Given that the interior temperature might be $10^7\ \mathrm K$, then the surface brightness is $5.7 \times 10^{20}\ \mathrm{W/m^2}$, compared with the $1400\ \mathrm{W/m^2}$ you would get by looking directly at the Sun (please don't do this). Note that most of this power comes out at X-ray wavelengths, but because of the properties of a blackbody, the brightness at visible wavelengths will still be plenty brighter than that of the solar photosphere (see below).

A possible source of confusion is this term "opacity". When things are in thermal equilibrium, which the interior of the Sun is, then they emit the same amount of radiation as they absorb. So high opacity also means high emissivity.

Details for interest:

The opacity, $\kappa$ in the solar interior ranges from 1 cm$^2$ g at the centre to about $10^5$ cm$^2$ g just below the photosphere. To estimate the mean free path of photons we need to multiply this by the density $\rho$ and take the reciprocal: $$ \bar{l} = \frac{1}{\kappa \rho}\ .$$ The density varies from 160 g/cm$^3$ at the centre to about 0.001 g/cm$^3$ just below the photosphere. Thus the mean free path is about 6 micrometres at the center and is actually quite similar just below the photosphere (it peaks at around 2 mm about three quarters of the way out towards the surface).

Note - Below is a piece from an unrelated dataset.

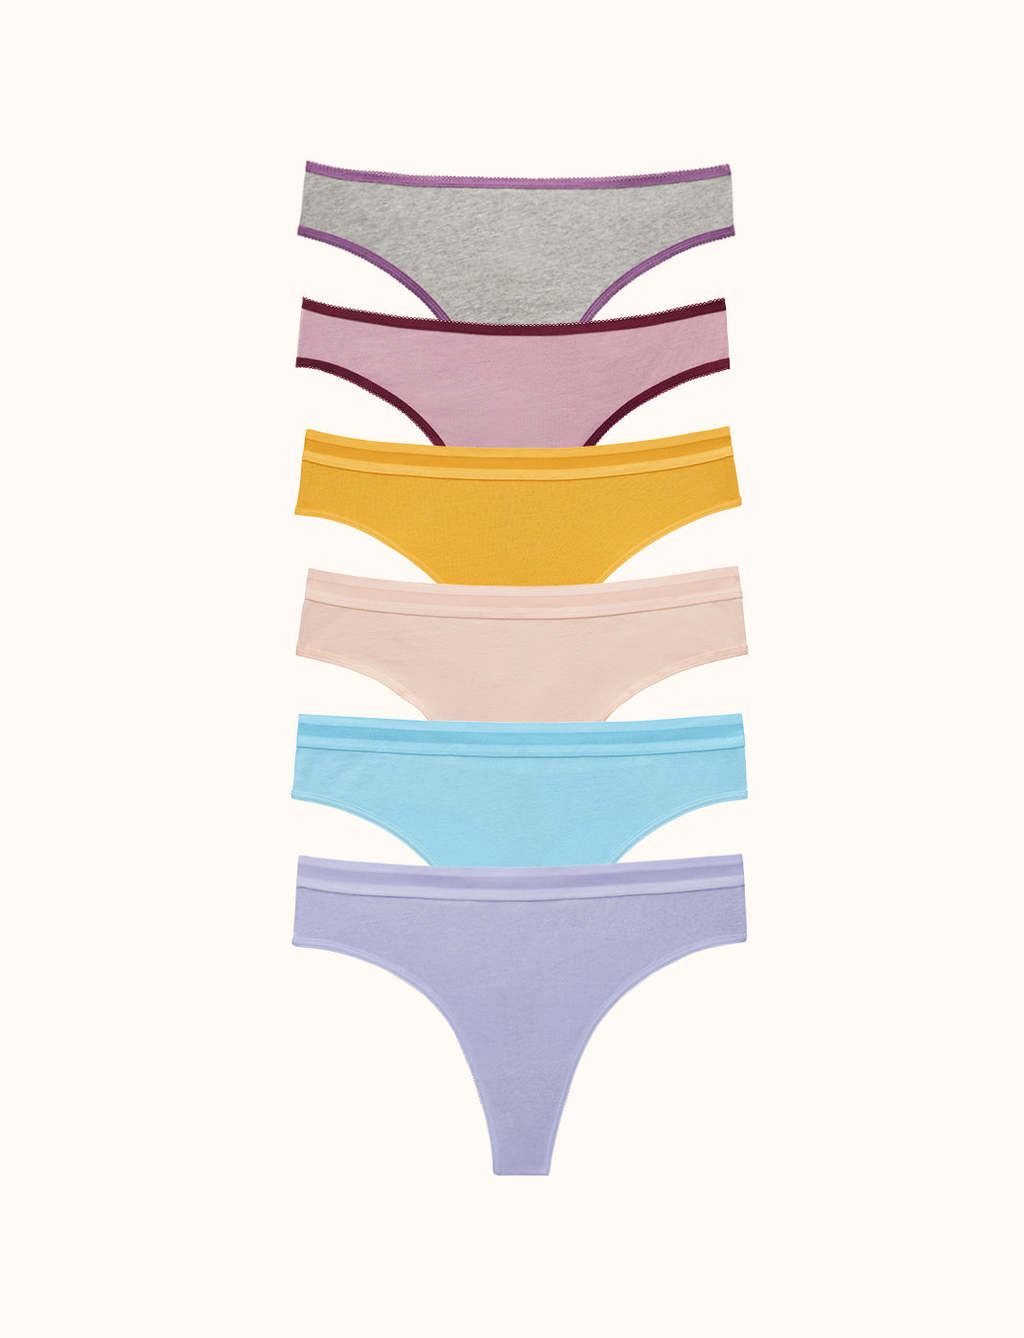 20 Of The Best Undergarments For Women &Amp; Men To To Keep You Cool This Season

Thus your "view" of the stellar interior is of a foggy sphere with radius of no more than a few times $\bar{l}$. The fog however is tremendously bright - as outlined above.

The brightness at particular wavelengths is proportional to the Planck function $$B_\lambda = \frac{2hc^2}{\lambda^5} \left(\frac{1}{\exp(hc/\lambda k_B T) -1}\right).$$

Thus at $\lambda=500$ nm (visible light), the ratio of brightness for blackbodies at $10^7$ K (solar interior) to 6000 K (solar photosphere) is $4.2\times 10^{4}$. i.e. Even just considered at visible wavelengths, the interior of the Sun is about 40,000 times brighter than the photosphere.

Answer 2

Coming from a different direction as @Rob's, Opacity and Thermal Radiation are orthogonal properties of a material. The photon flux at the interior of the sun is very high, so it is definitely not dark. However, it is opaque to virtually all light outside the sun.

To provide an analogy, if you are in a sealed room with no windows, you cannot see anything outside the room. If you turn on a flashlight in the room, it is no longer dark but it is still opaque to the outside world.